Floyd Kinnard Rayford (born July 27, 1957) is an American retired professional baseball player. He played seven seasons in Major League Baseball (MLB) for the Baltimore Orioles and St. Louis Cardinals. He primarily played third base and catcher during his career. He was known as "Sugar Bear" and a fan favorite for his roly-poly physique.

==Early career==
Rayford's professional baseball career began in 1975, when he was drafted as a catcher out of Manual Arts High School in the fourth round of the amateur draft by the California Angels. He spent the 1975 through 1979 seasons in the Angels' minor league system, spending the 1979 season at the Triple-A level playing for the Salt Lake City Gulls. In his first Triple-A season, he batted .294 with 13 home runs while playing third base.
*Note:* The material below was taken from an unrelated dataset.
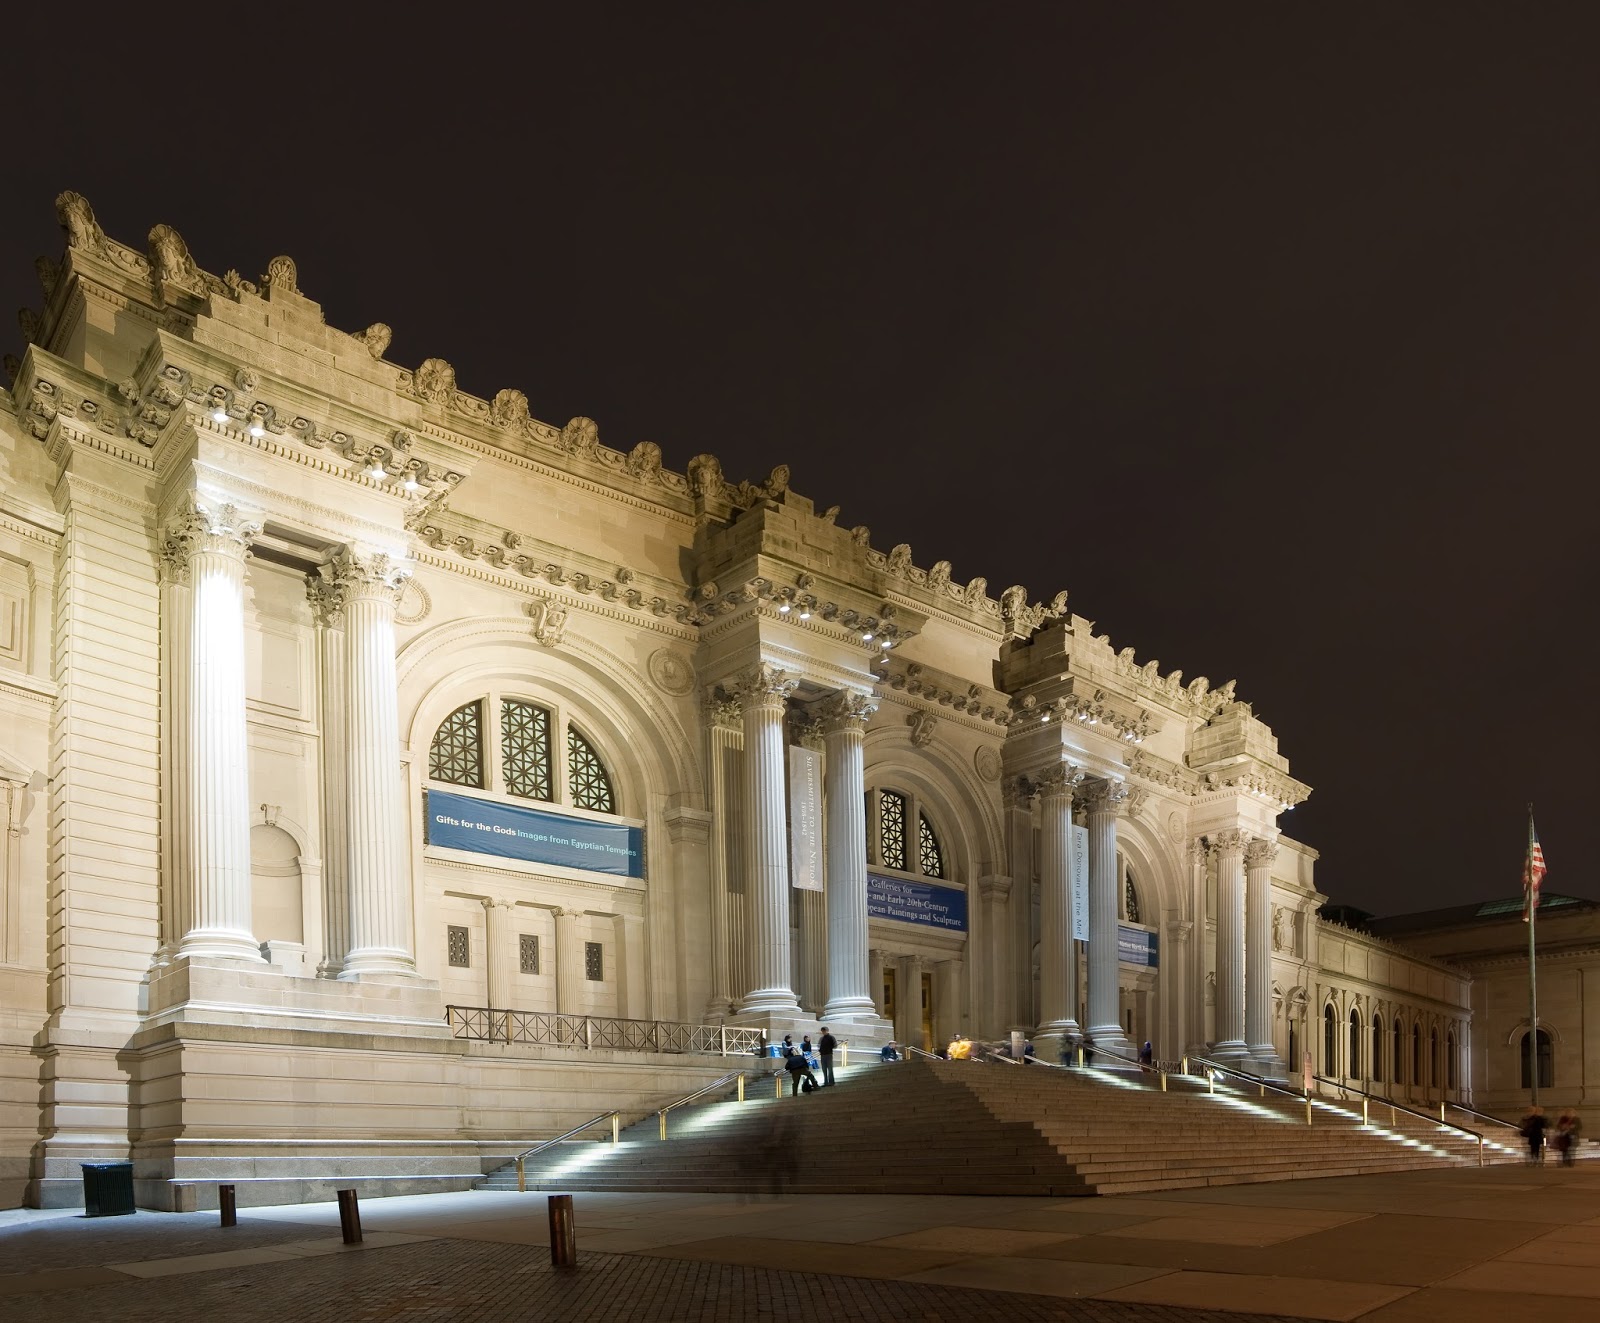 These Are The 25 Best Museums In The World - Metropolitan Museum of Art

==Baltimore Orioles (first stint)==
After playing one season for the Gulls, Rayford was traded, along with an undisclosed amount of money, from the Angels organization to the Baltimore Orioles in exchange for Larry Harlow. In 1980, Rayford made his major league debut for the Orioles; over the course of the season he played in 8 games for the Orioles while spending most of the year with the Triple-A Rochester Red Wings. He spent the entire 1981 season with the Red Wings, during which he played on the losing side of the longest game in baseball history and caught the 31st inning of that game. In 1982, he returned to the Major League with the Orioles, but he hit only .132 in 34 games.
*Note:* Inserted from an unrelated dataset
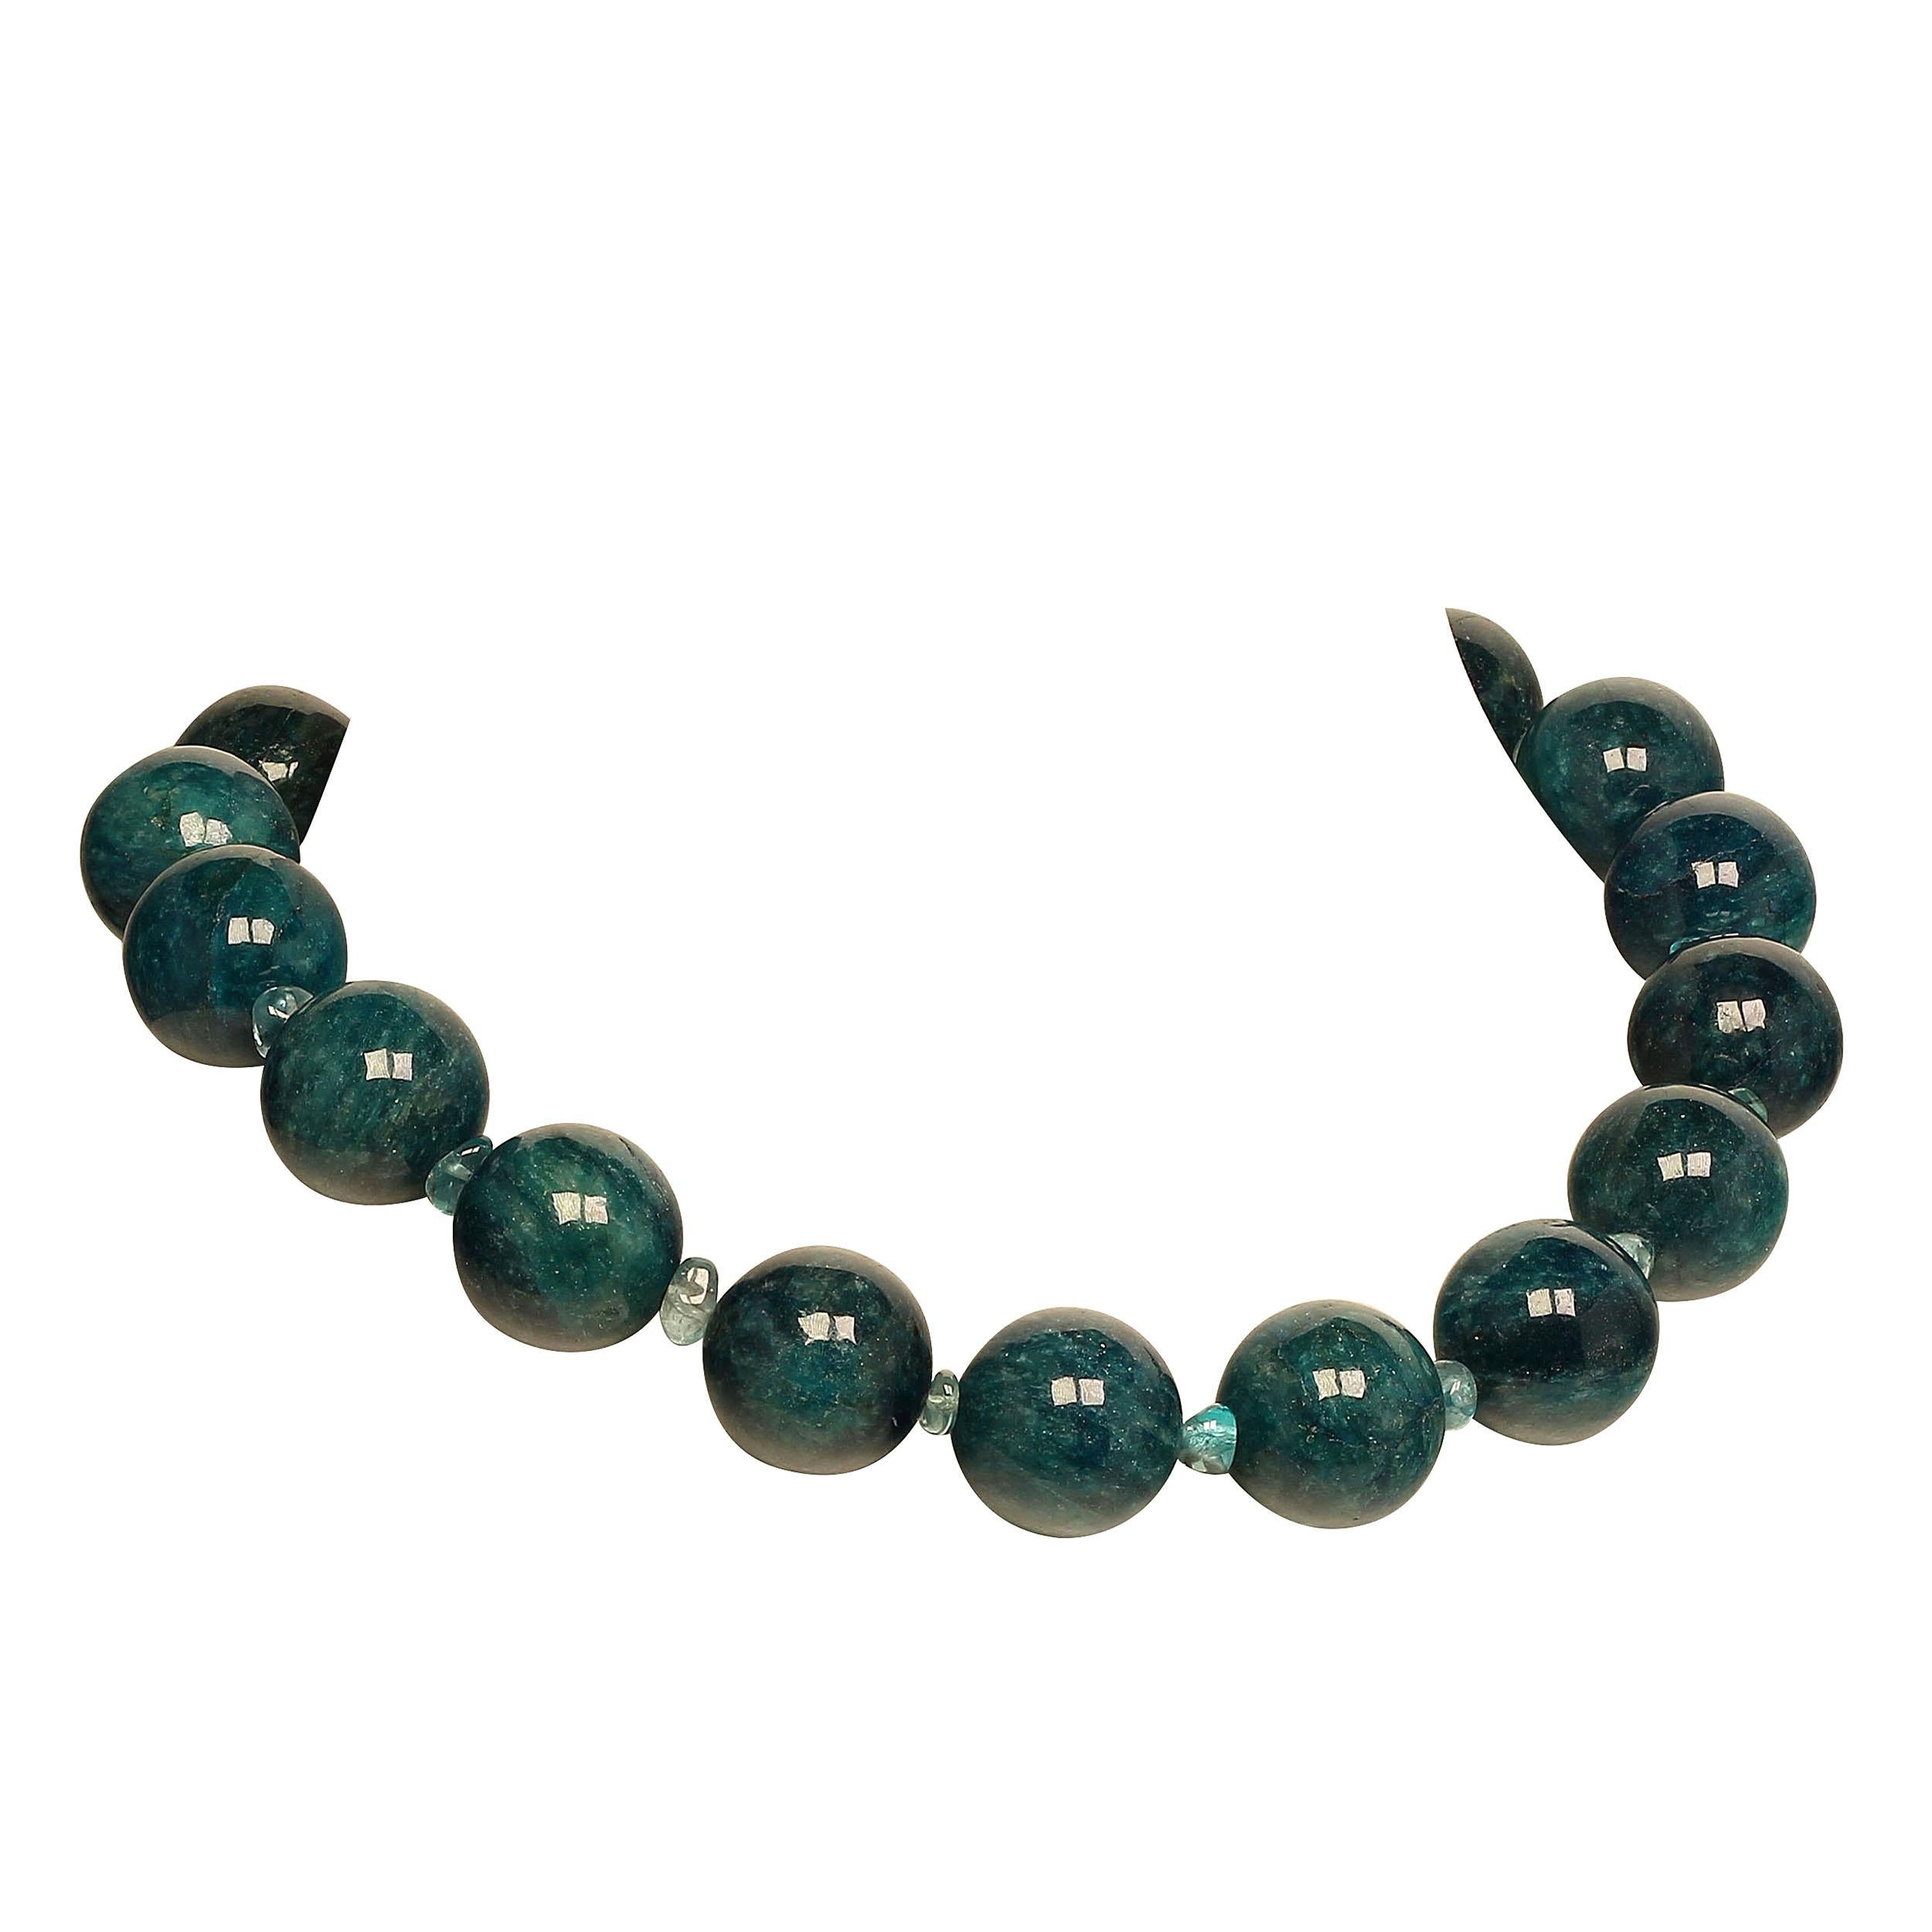 Gemjunky Statement Teal Color Apatite and Apatite Necklace 1

When Cal Ripken Jr. began his streak of 2,632 consecutive games played in 1982, Rayford was the player who Ripken replaced in the lineup. Rayford had been given a day off in the second game of a doubleheader and Ripken started at third base in his place.

He again returned to Rochester in 1983, and hit .371 in 42 games with the Red Wings.

==St. Louis Cardinals==
Rayford was traded to the St. Louis Cardinals on June 13, 1983, in a transaction that was completed 2 1/2 months later when Tito Landrum was sent to the Orioles on August 31. He was the backup third baseman behind Ken Oberkfell that year and hit .212 in 56 games for the Cardinals.

==Baltimore Orioles (second stint)==
Less than a year after trading Rayford, the Orioles purchased his contract from the Cardinals before the 1984 season. He served primarily as a backup catcher in his first year back with the Orioles, and his hitting numbers improved, with his average reaching .256 in 1984. Sharing time as the regular third baseman in 1985, he had a career year, hitting .306 with 18 home runs and 48 runs batted in, all career highs. Entering the 1986 season, he was expected to replace Rick Dempsey as catcher with Jackie Gutiérrez becoming the starting third baseman, but his numbers fell when he batted .176 and was sent back to Rochester. He split the 1987 season between Baltimore and Rochester and batted .220 at the Major League level in what would prove to be his final major league season.

==Minor league career==
Before retiring as a player, Rayford played parts of three seasons, from 1989 to 1991, with the Triple-A Scranton/Wilkes-Barre Red Barons, playing in 81 games with the club over the three-year span. During the latter two seasons, Rayford served as a player-coach, starting a long tenure as a minor league coach. Since 1990, he has coached eight separate minor league teams, and in 1996, he spent his only season to date as a minor league manager, doing so for the Batavia Clippers. He has been a member of the Rock Cats' coaching staff since 2005.